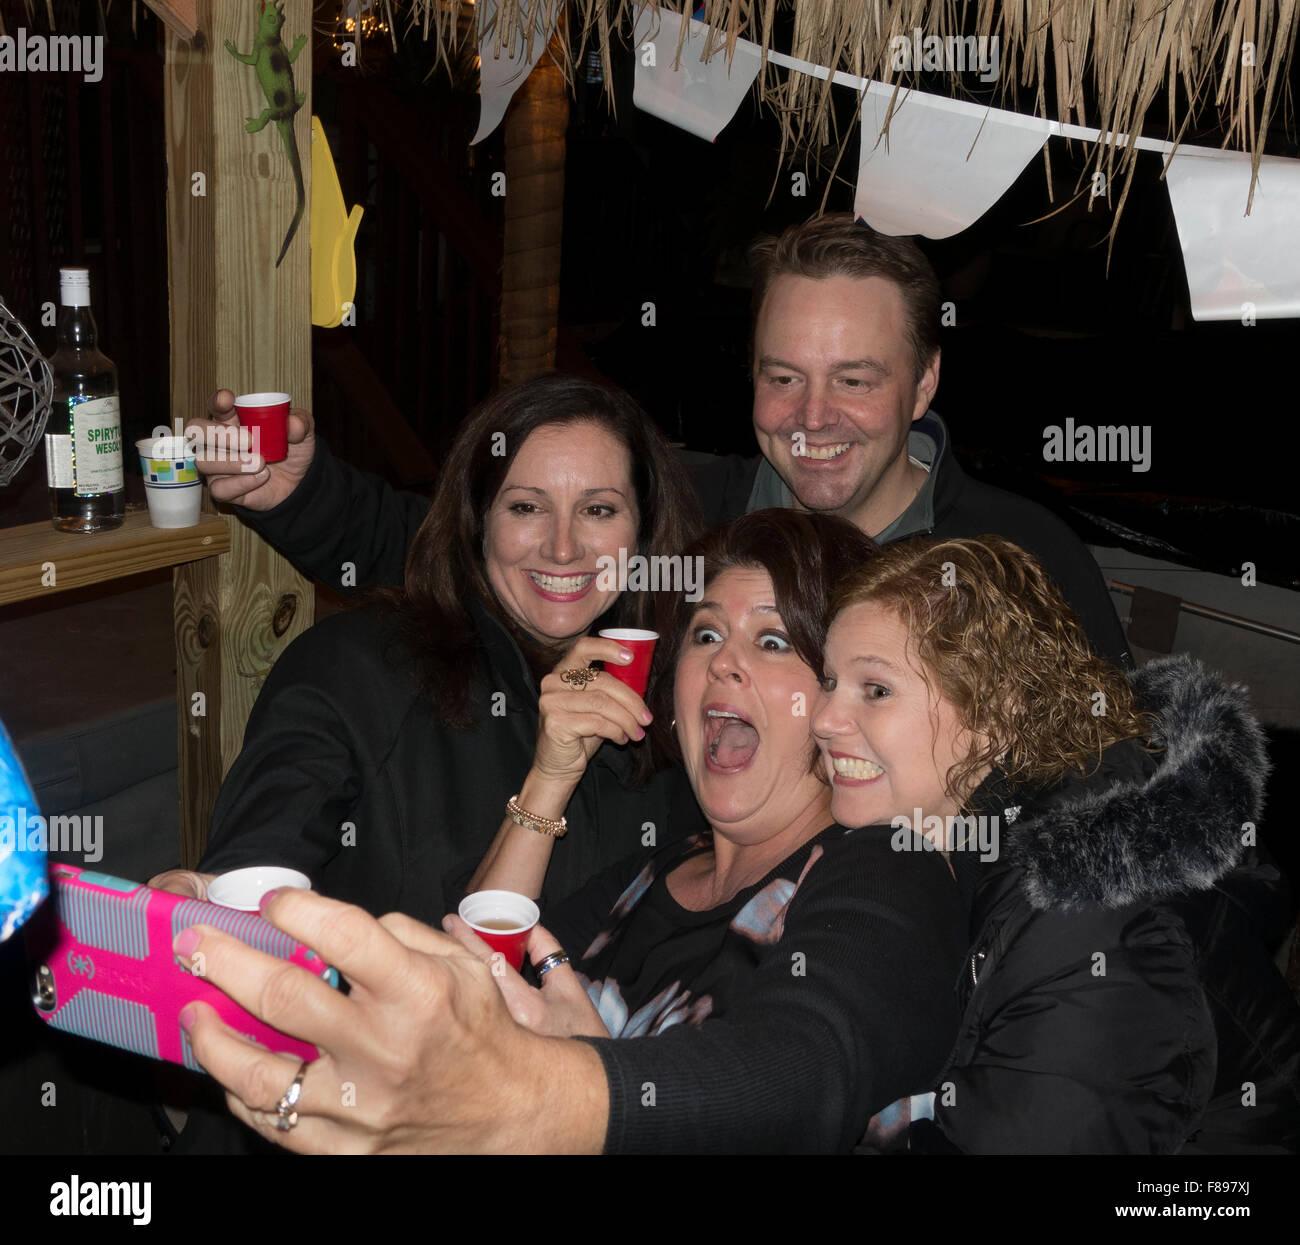 Familienmitglieder dabei, dass eine Handy Selfie einen Hinterhof Tiki Bar genießen. Downers Grove Illinois Stockbild
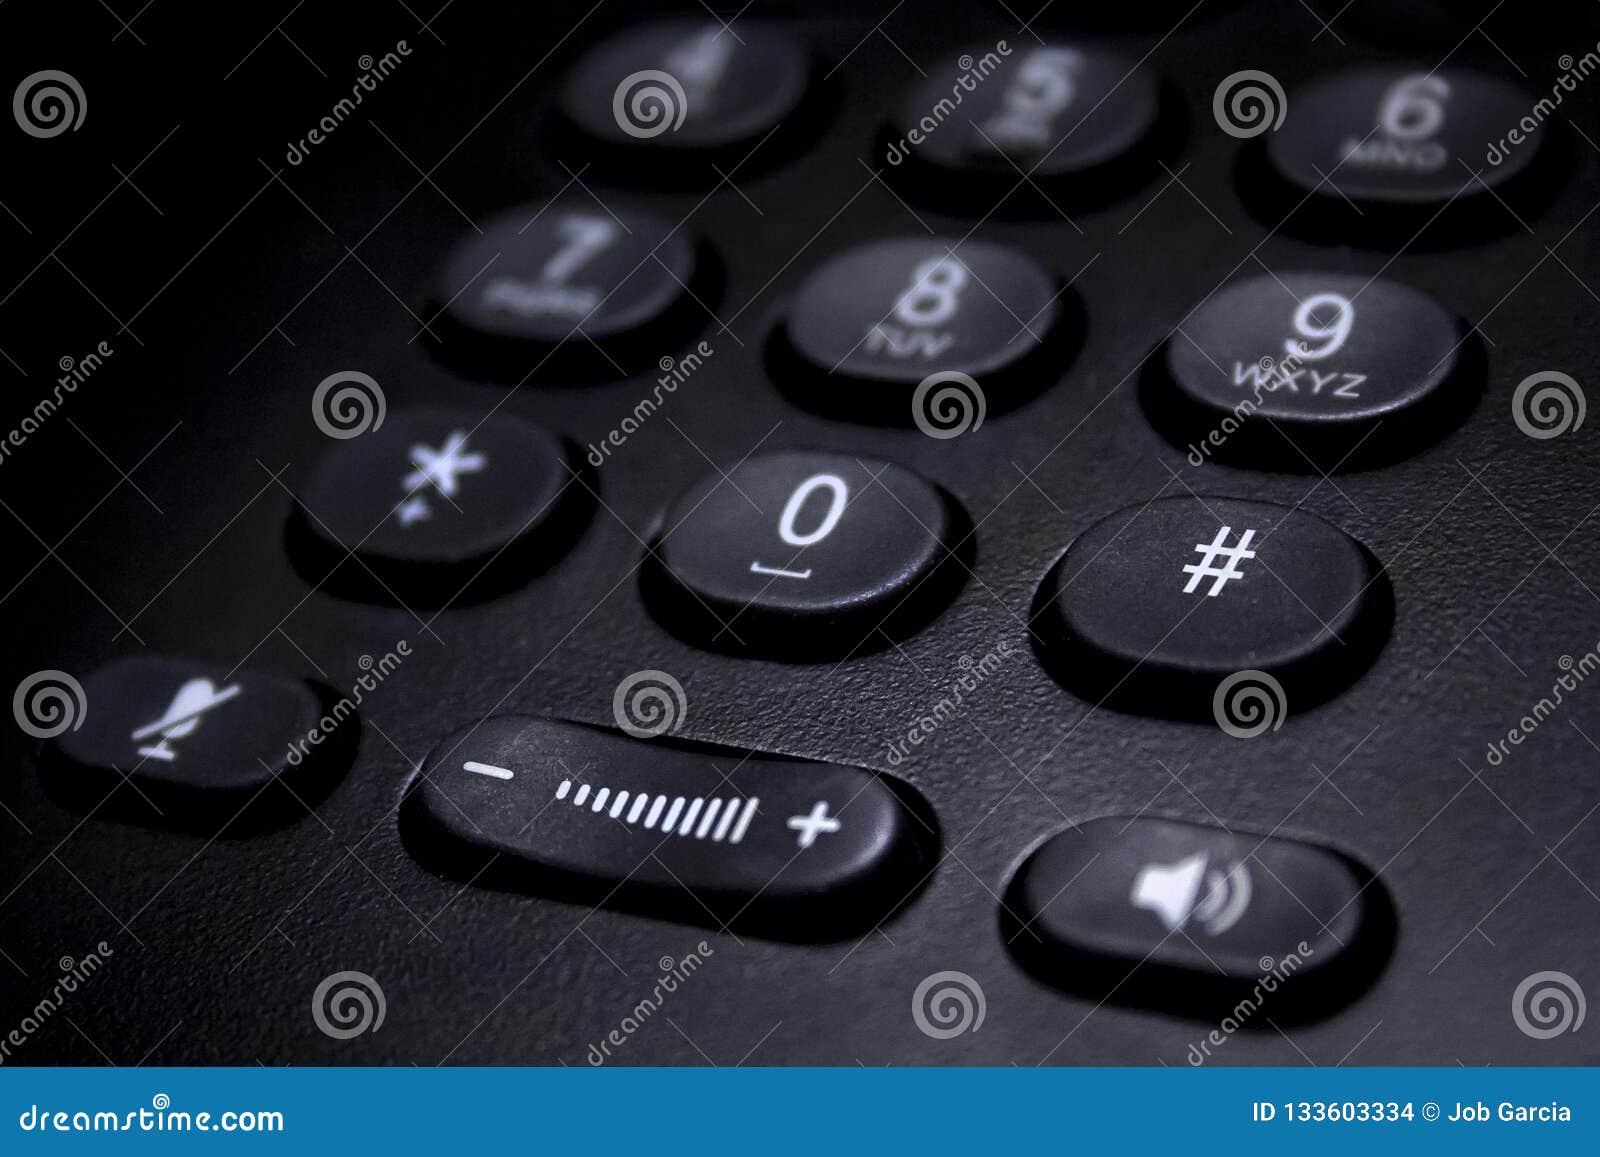 Detalle negro del telclado numérico del teléfono
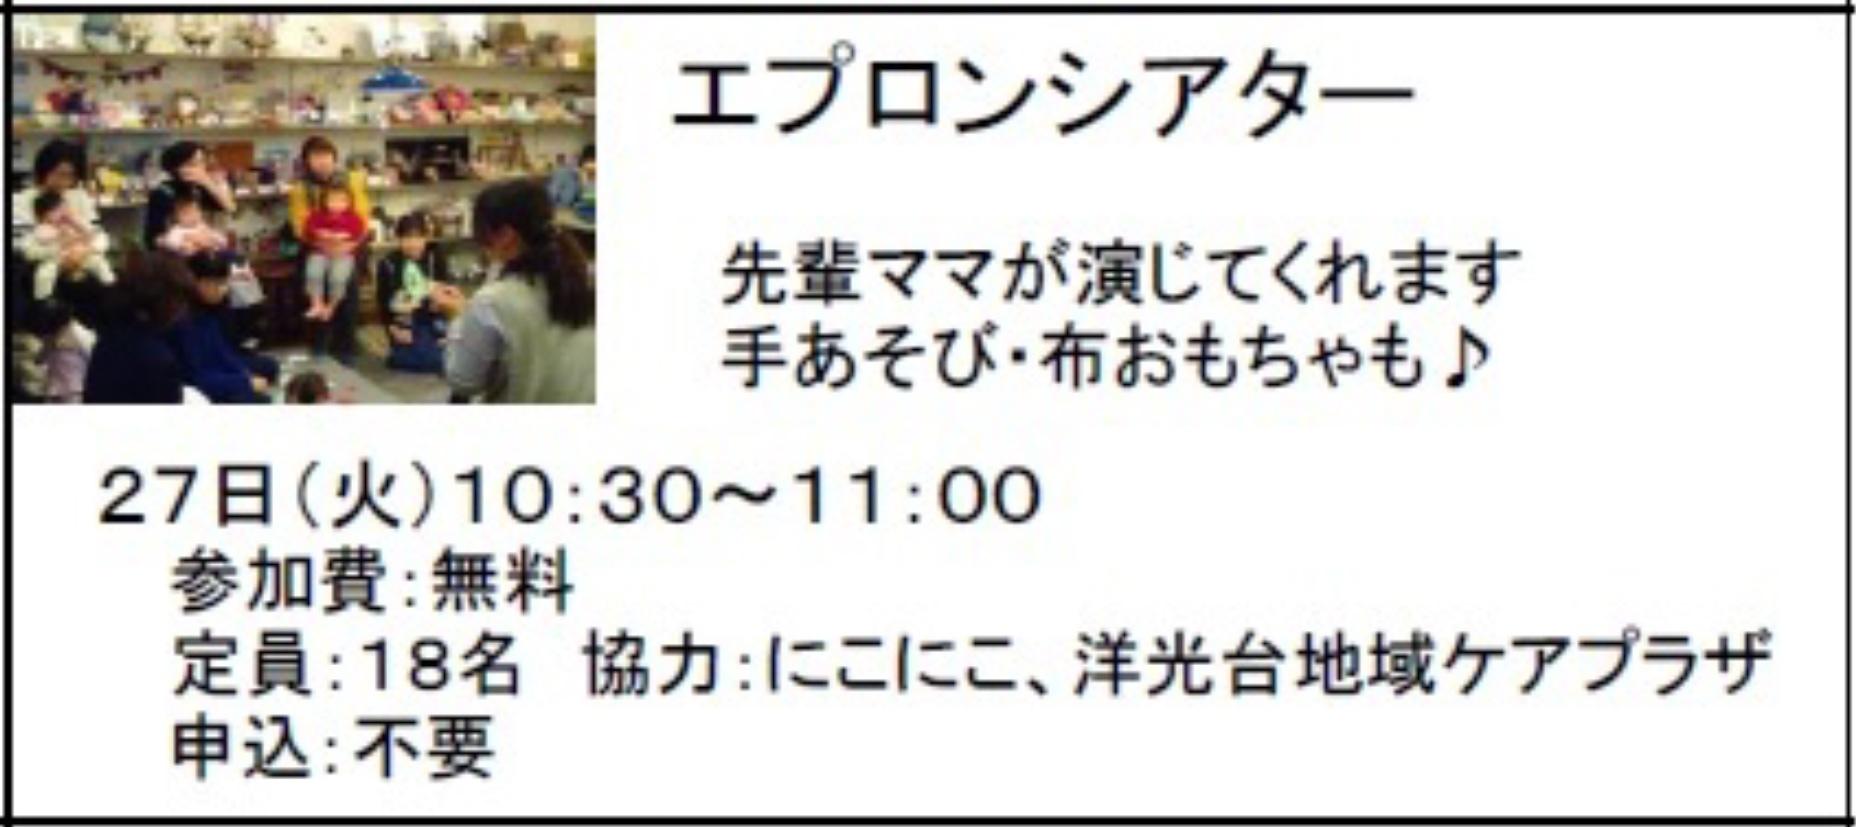 今週のイベントは♪_c0367631_10275048.jpeg

───

* Task prompt
Here the job is to print the data above exactly, except for any pictures.

* Result of this exercise
 Familienmitglieder dabei, dass eine Handy Selfie einen Hinterhof Tiki Bar genießen. Downers Grove Illinois Stockbild
 Detalle negro del telclado numérico del teléfono
 今週のイベントは♪_c0367631_10275048.jpeg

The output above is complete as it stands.